> [Required action]: Exact copy, no pictures: output each line below as it stands.

> [Available data]:

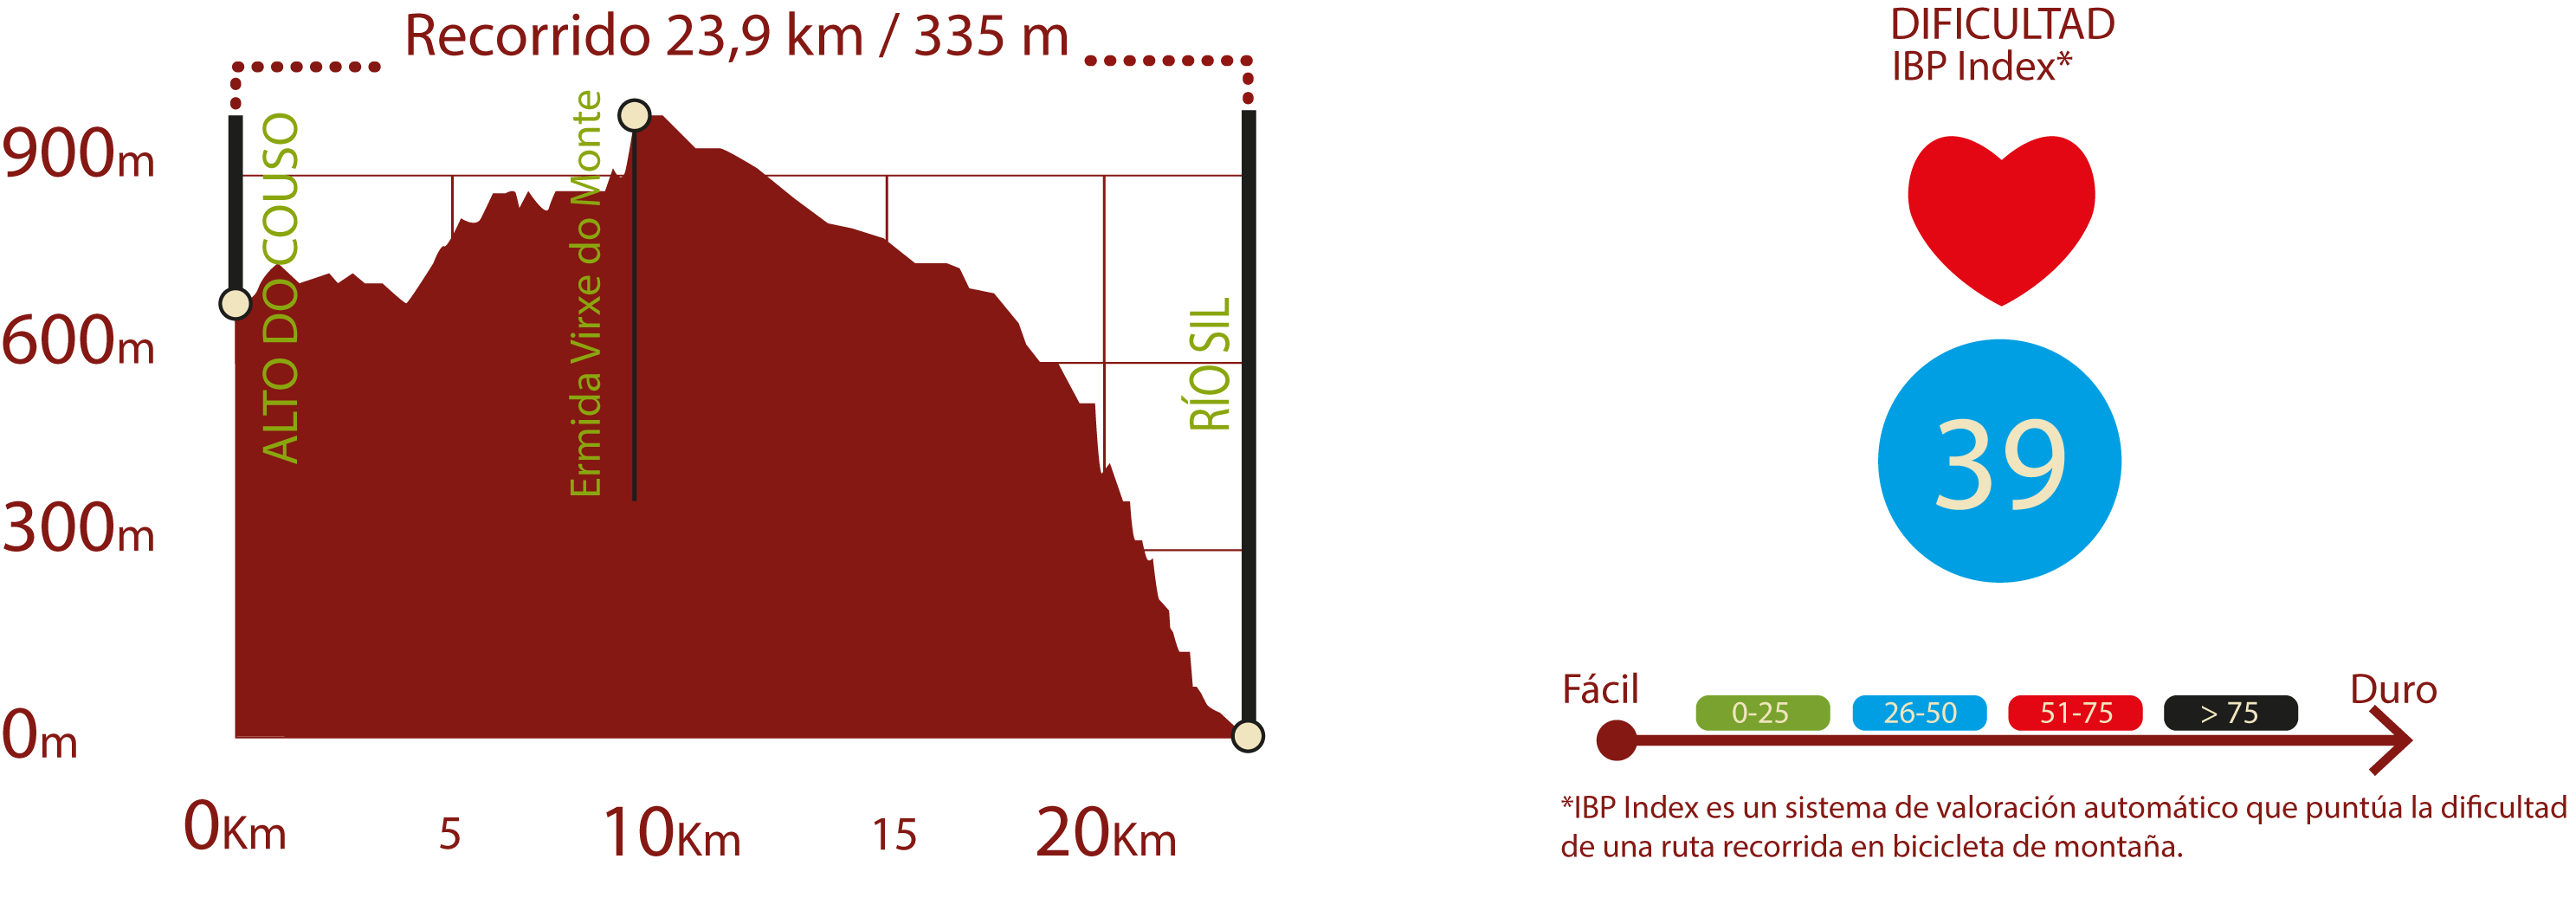 Perfil e IBP
Perfil del la ruta principal del CN de la Ribeira Sacra: 23,90 km / Desnivel de subida 335 m
IBP 39: Media


> [Response to this exercise]:
 Perfil e IBP
Perfil del la ruta principal del CN de la Ribeira Sacra: 23,90 km / Desnivel de subida 335 m
IBP 39: Media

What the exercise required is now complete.